CodePudding user response:
Here's one way:
library(dplyr)
Persons <- c(1, 1, 2, 3, 1)
item1 <- c(0, 2, 1, 0, 1)
item2 <- c(1, 2, 2, 1, 1)
item3 <- c(3, 4, 4, 1, 1)
data_1 <- data.frame(Persons, item1, item2, item3)
data_1$Items_raw <- rowSums(data_1[,2:4])
data_1 <- data_1 %>% group_by(Persons) %>% summarize(Items = sum(Items_raw))

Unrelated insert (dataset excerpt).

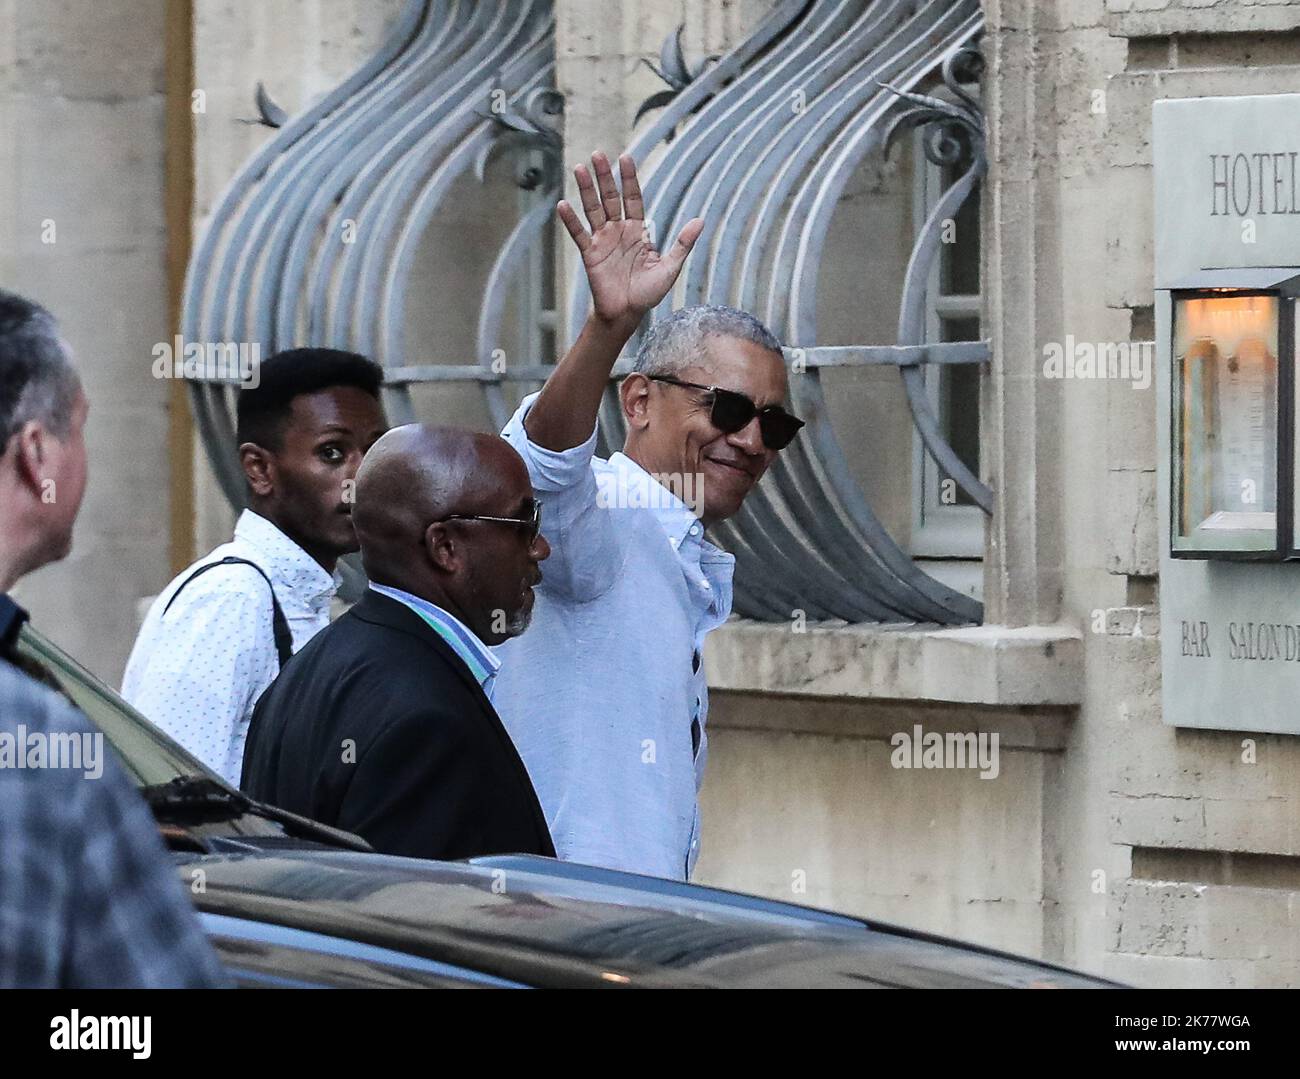 L'ancien président américain Barack Obama et sa famille sont en vacances dans le sud de la France. Leur imposante caravane de voitures est proche du Palais des Papes à Avignon Banque D'Images
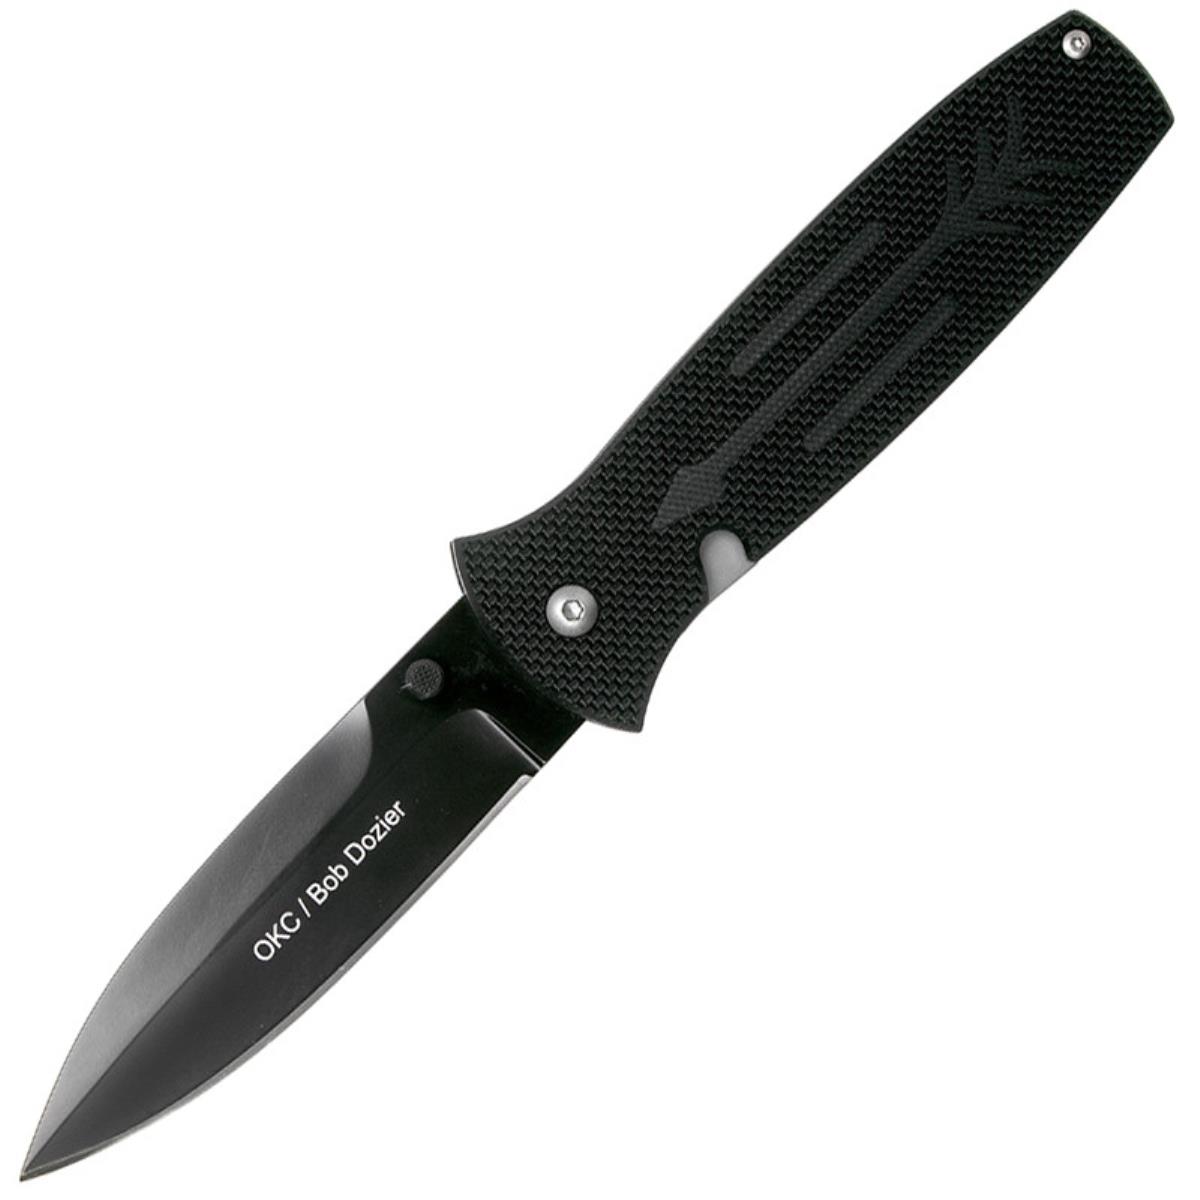 Нож OKC Dozier Arrow складн.,чёрная рукоять, G10, клинок D2, чёрное покрытие (9101)  ONTARIO нож с фиксированным клинком ontario little bird black cord сталь 1095 рукоять паракорд black

CodePudding user response:
In base R you could use tapply
...
tapply(rowSums(df[,-1]), df[,1], sum)
1 2 3
15 7 2
CodePudding user response:
You can use the dplyr
package.
library(dplyr)
df <- data.frame(
Persons = c(1, 1, 2, 3, 1),
item1 = c(0, 2, 1, 0, 1),
item2 = c(1, 2, 2, 1, 1),
item3 = c(3, 4, 4, 1, 1)
)
df %>%
group_by(Persons) %>%
summarise(items = sum(item1, item2, item3))
And you'll obtain:
# A tibble: 3 x 2
Persons items
<dbl> <dbl>
1 1 15
2 2 7
3 3 2
CodePudding user response:
Thanks to combining all the reaction under my post (thanks everyone!), I found a solution to my problem. I solved it the following way:
People = data.frame(People$Persons,
rowSums(People[, 2:522]))
colnames(People) = c("Persons", "Items")
People = ddply(People, "Persons", numcolwise(sum))
Its not a beautiful solution (wish I could do it in 1 line) but it works!